Responding to state lawmakers’ passage of a bill that would require Los Angeles to create an independent redistricting commission, City Council President Paul Krekorian said Saturday that such reform would be better handled at the city level.

“I very much share the goal and intention of SB 52 to ensure fair and independent redistricting. Fortunately, the City Council is already poised to place a fully independent redistricting system before the voters of Los Angeles in November 2024,” Krekorian said.

“I initiated this process, along with Councilmember Raman, long before the scandal of the recorded meeting that took place at the LA County Federation of Labor, and long before any state legislation was introduced to subvert our City Charter,” he continued. “SB 52 would impose its mandates in 2029, but I am unwilling to wait another five years for action on fundamental reforms. Only Los Angeles voters, not politicians, must make these decisions, and thanks to the work of the City Council we will be giving them that opportunity next year as the State Constitution and the City Charter require.”

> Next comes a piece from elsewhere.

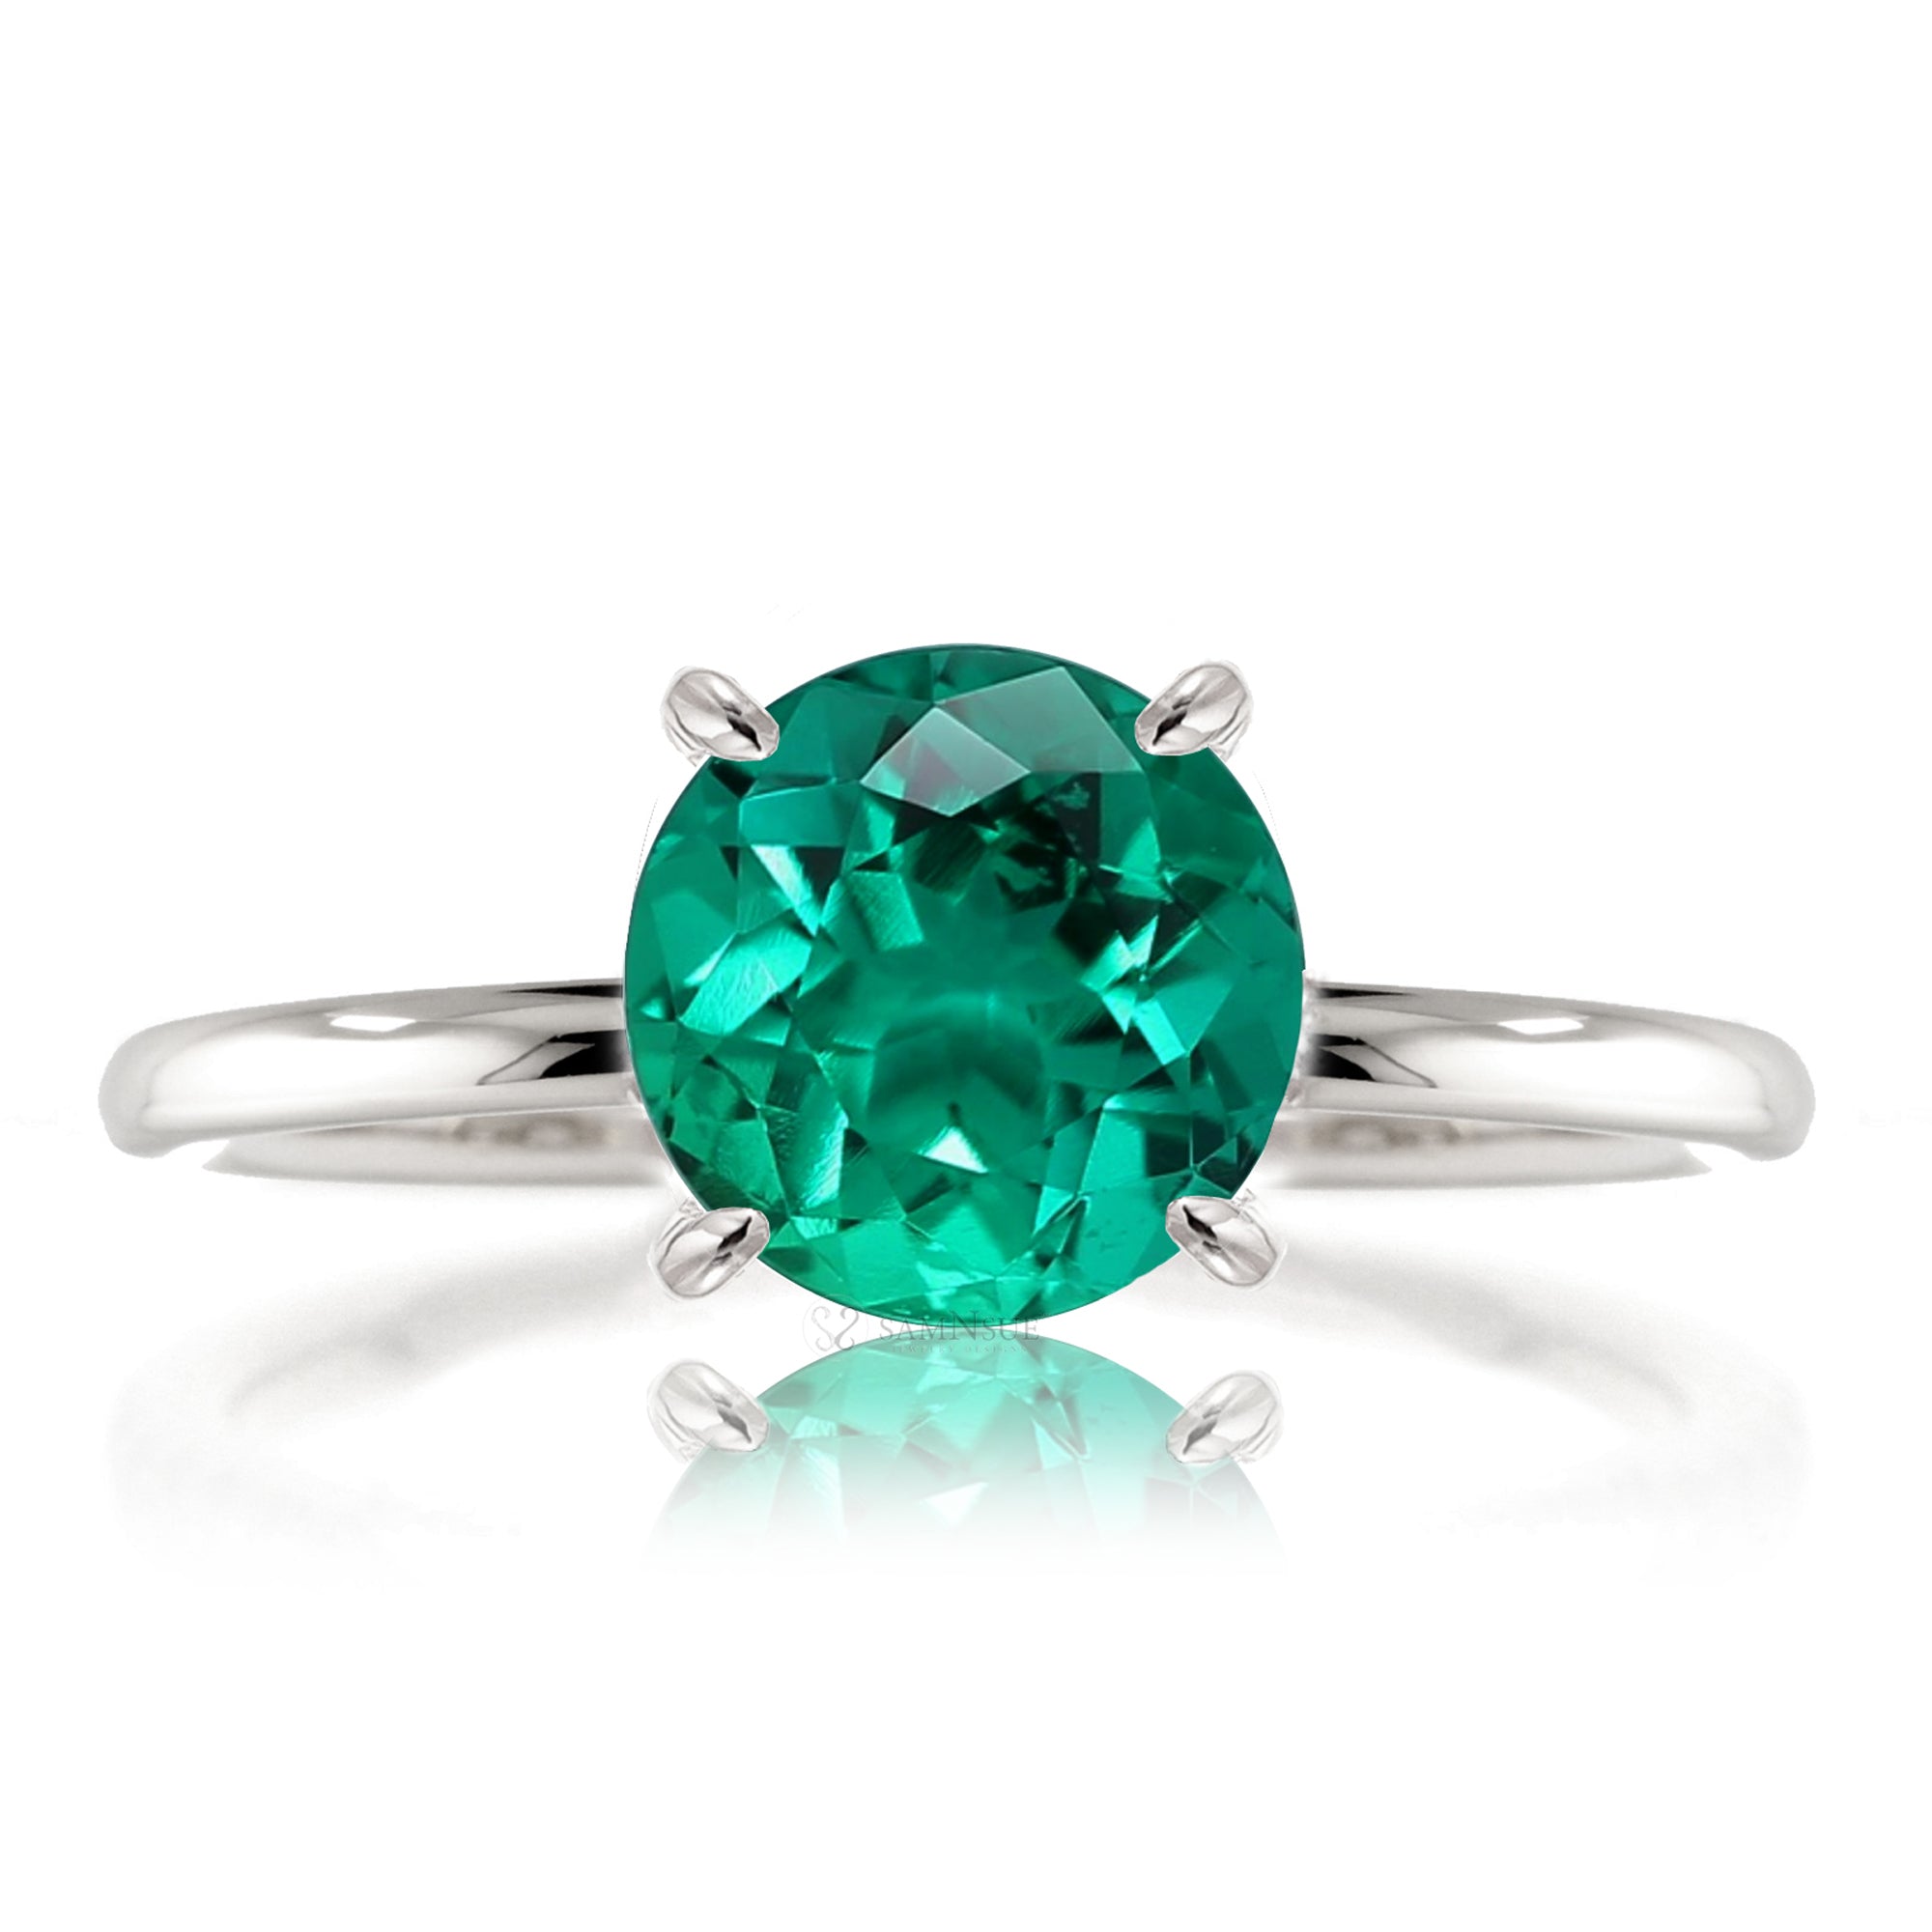 Round green emerald solid band engagement ring yellow gold - the Ava

Senate Bill 52, which was introduced by state Sen. María Elena Durazo, D-Los Angeles, would require cities with a population of at least 2.5 million people to establish an independent redistricting commission.

Los Angeles is the only city in California with at least 2.5 million people.

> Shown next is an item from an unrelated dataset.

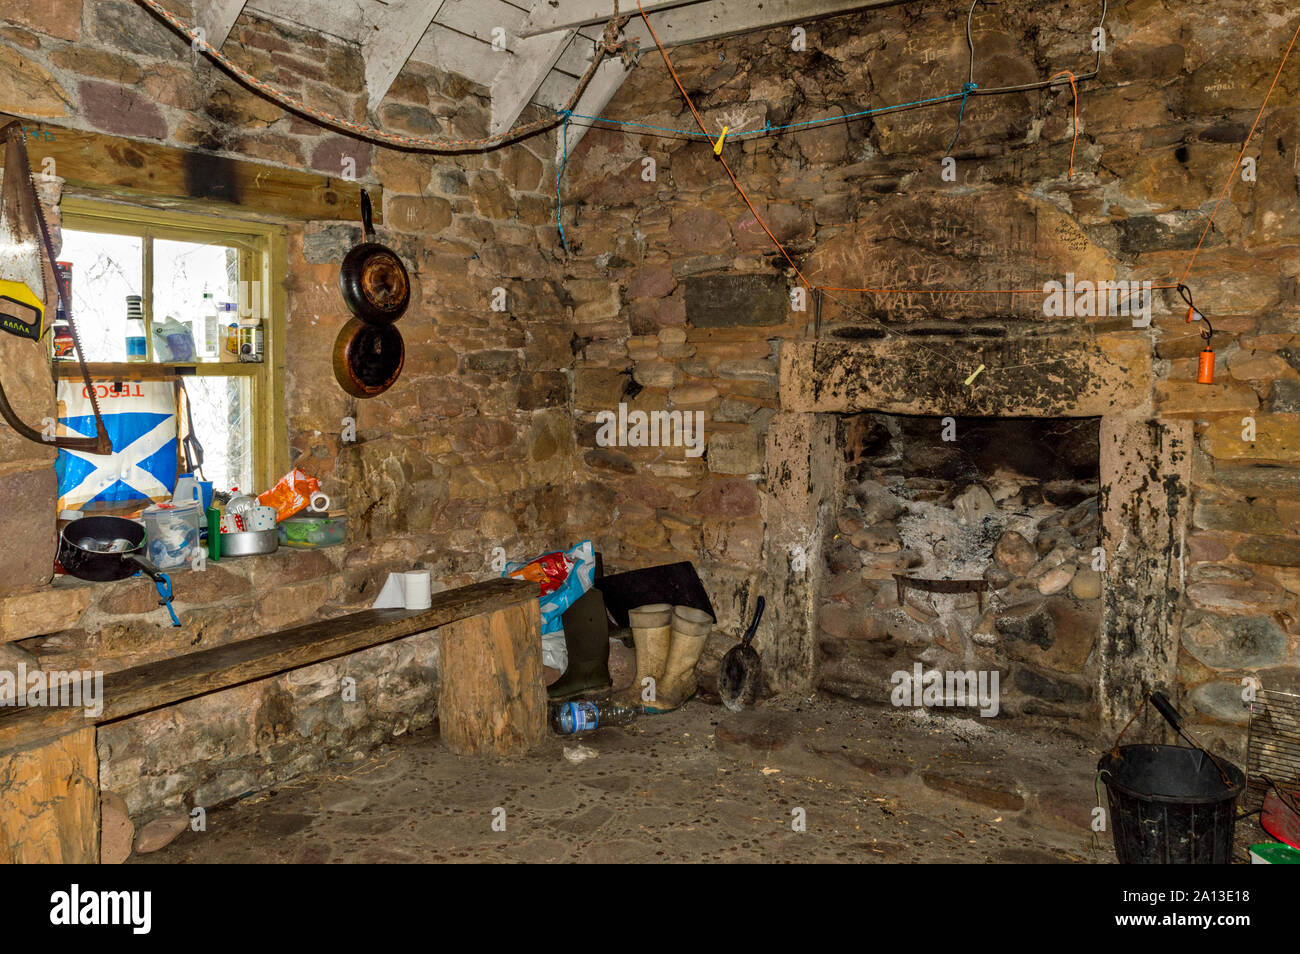 ROSEMARKIE TO CROMARTY WALK BLACK ISLE SCOTLAND INTERIOR OLD STONE BOTHY A REFUGE WITH A FIREPLACE AND COOKING UTENSILS Stock Photo

Another bill authored by Assemblyman Isaac Bryan, D-Los Angeles, would require large cities, counties and school districts to adopt independent redistricting commissions by 2030. The two bills are designed to work together, and have provisions to ensure that they do not overlap.

Both bills passed this week.

Under the current system, city council districts are drawn up by a panel whose members are appointed by the council, which then has the final say on those boundaries.

Council leaders are trying to change that by placing a more independent plan before voters. A City Council group has called for the creation of two independent redistricting commissions to draw boundaries for the City Council and the Los Angeles Unified School District.

The Ad Hoc Committee on City Governance Reform will consider those proposals as it drafts recommendations for the full council, which are expected within days.

The committee was created by Krekorian in response to a leaked racist audio recording in October 2021, in which former Council members and a top county labor official discussed manipulating the redistricting process. The leak of that call led to the resignation of former Council President Nury Martinez.

Bryan welcomed the city’s efforts.

“We really want this to be a grassroots effort and for local jurisdictions like Los Angeles to design for themselves an independent process through charter reform, or whatever reform is necessary in that locality,” Bryan told the Los Angeles Times, describing his legislation as a set of “guardrails” aimed at pressuring local jurisdictions to reform their own systems.